The EV battery market is booming. The market for battery cells alone is expected to grow by over 20% annually, reaching $360-410 billion by 2030. Yet though auto manufacturers and suppliers are experimenting with EoL business creation, the commercial case has not been demonstrated at scale. This greenfield is sometimes untapped collaboratively because companies view this as a competitive area. A dozen companies involved with the Circular Cars Initiative along the car battery value chain, including Analog Devices, CATL, DHL, Hoppecke, Jaguar Land Rover, Li-Cycle, Mahindra, Mercedes-Benz, Volvo Group and Umicore, were therefore motivated to develop a blueprint to forge partnerships and improve the business case for value-chain battery management:

3. Standardize the process

Another significant challenge for EV battery circularity is the lack of a common set of standards to monitor the health of a battery, collect the hardware and handle reverse logistics – recapturing the value of a product at the end of its life cycle. Without common standards, each company is forced to develop individualized requirements, based on where batteries stop functioning. Subsequently, suppliers find synchronization of operations and services difficult. Batteries remain outside of the recycling loop.

For sustainable mobility products such as electric vehicles, end of life management is key. Circularity helps limit their environmental impact, and logistics play a key role in this process ”— Fathi Tlatli, President Global Auto-Mobility Sector, DHL

The is no doubt that a global circular economy approach to e-mobility needs to be harnessed by public and private stakeholders along the value chain. Through the Circular Cars Initiative, vehicle manufacturers, component suppliers and logistics companies have prioritized joint action for end-of-life battery management:

  • Sharing learnings on expected EoL batteries distribution, returns and recycling.
  • Exploring potential joint pooling as well as safe transport of end-of-life batteries through shared (regional) collection centres.
  • Sharing learnings on how to categorize, disassemble, repair, and recycle batteries.

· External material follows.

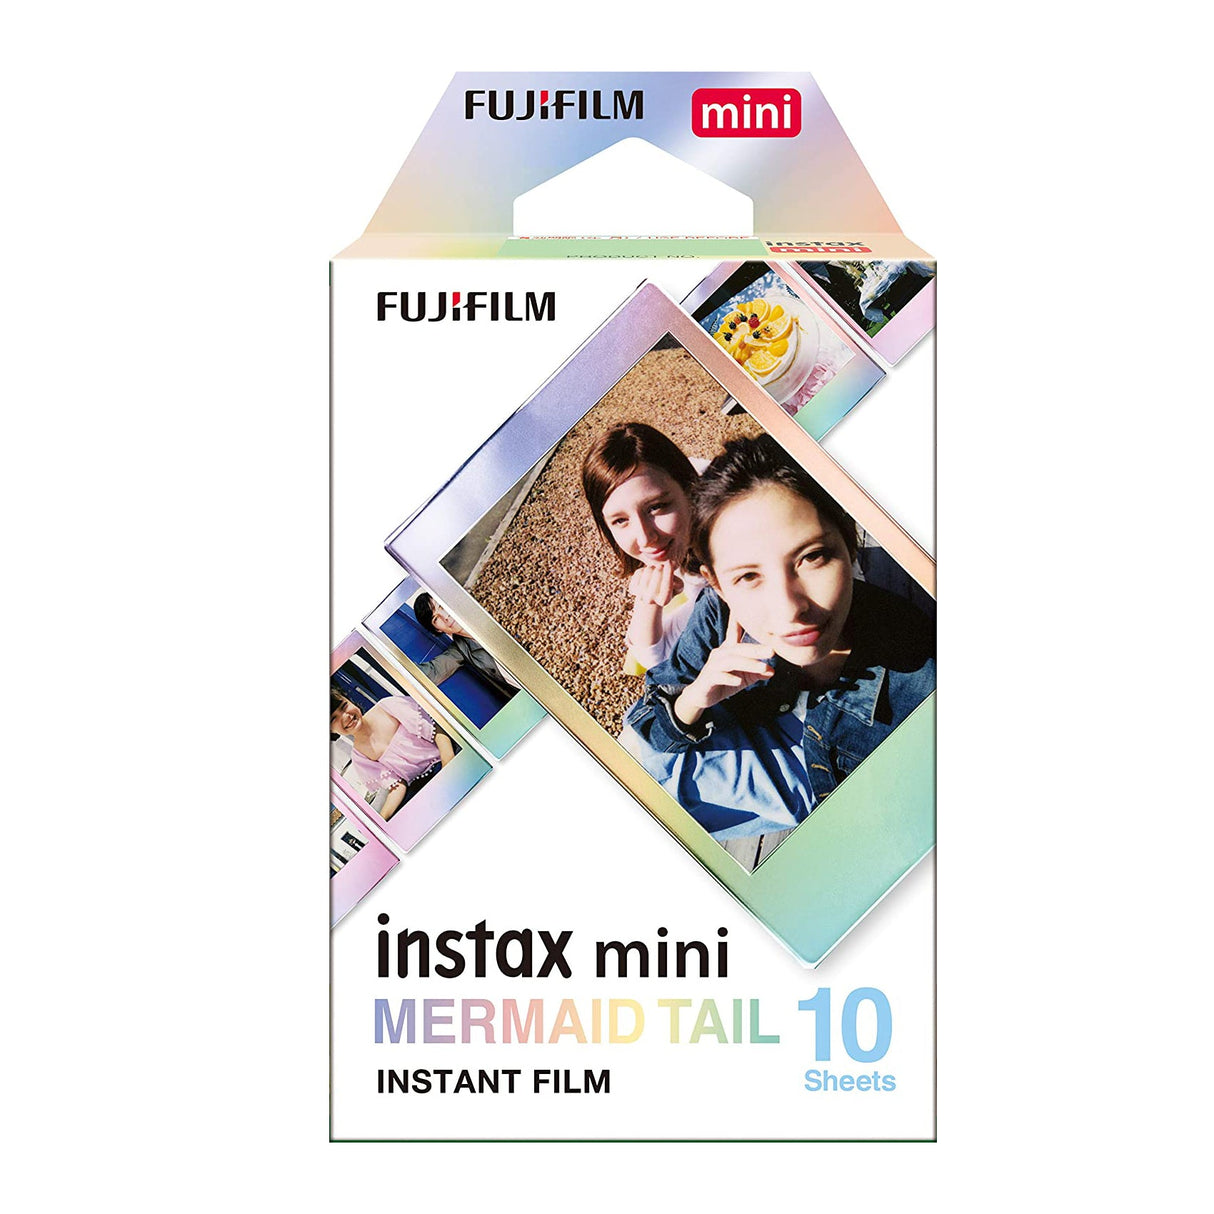 Fujifilm Instax Mini 10X1 mermaid tail Instant Film with 96-sheet Album for mini film (Blush pink)
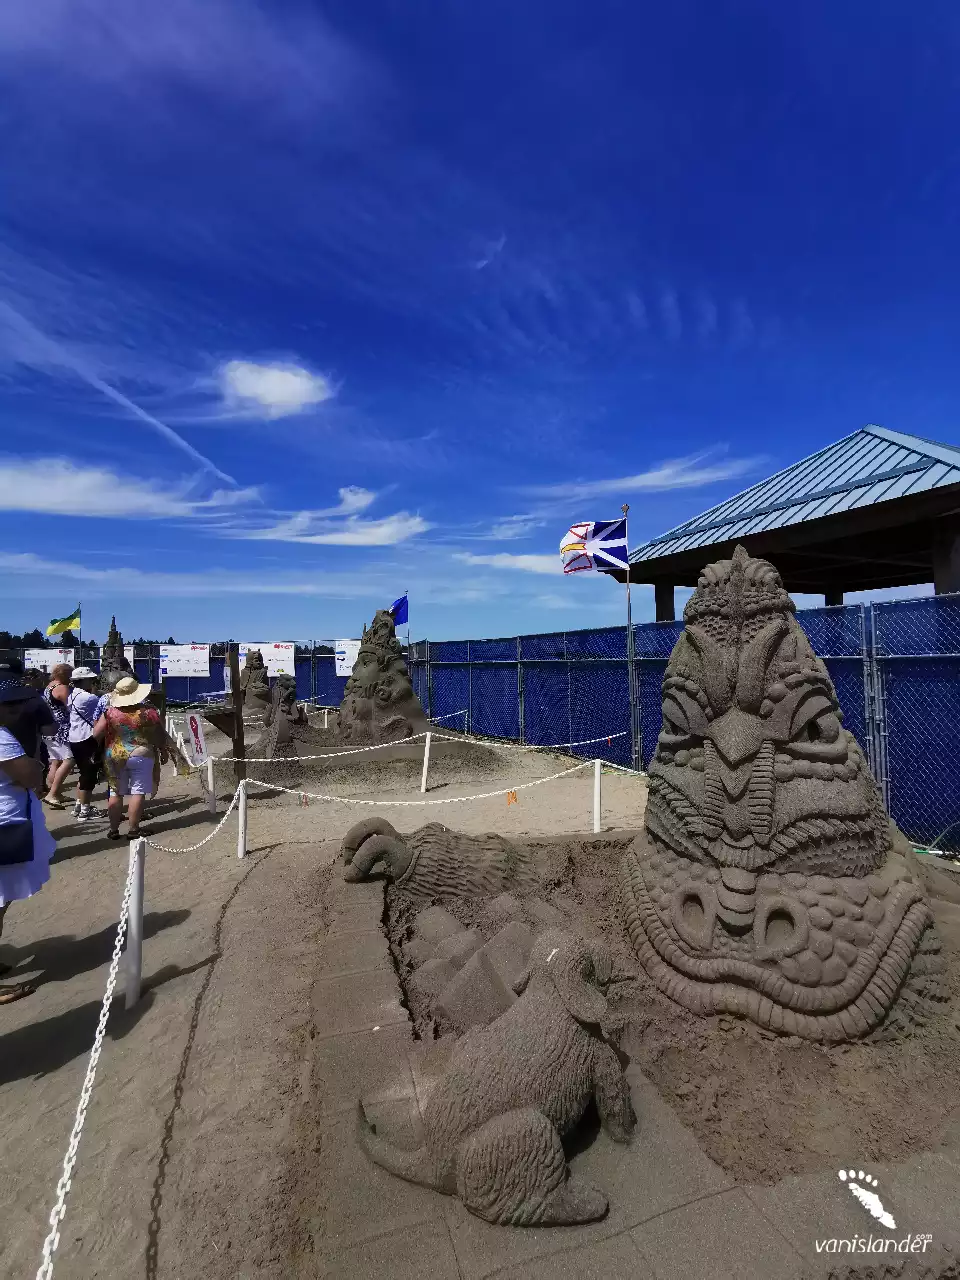 Myths craved on Sand - Parksville Festival, Vancouver Island

EVs are the future – and have the potential to drastically reduce global CO2 emissions through tail-pipe savings in the race to hit net zero. But this reduction will mean far less if the automotive industry, trying to meet the demand for batteries, still contributes heavily at the manufacturing end. By closing the loop with a circular EV battery value chain that analyzes materials, standardizes the process and delivers profit, e-mobility will be taking the fast lane to a low-carbon world.

The Circular Cars Initiative is a community of stakeholders from across the automotive value chain that leverages circularity principles to minimize total life-cycle emissions, and to firmly ground the automotive sector within a 1.5°C scenario.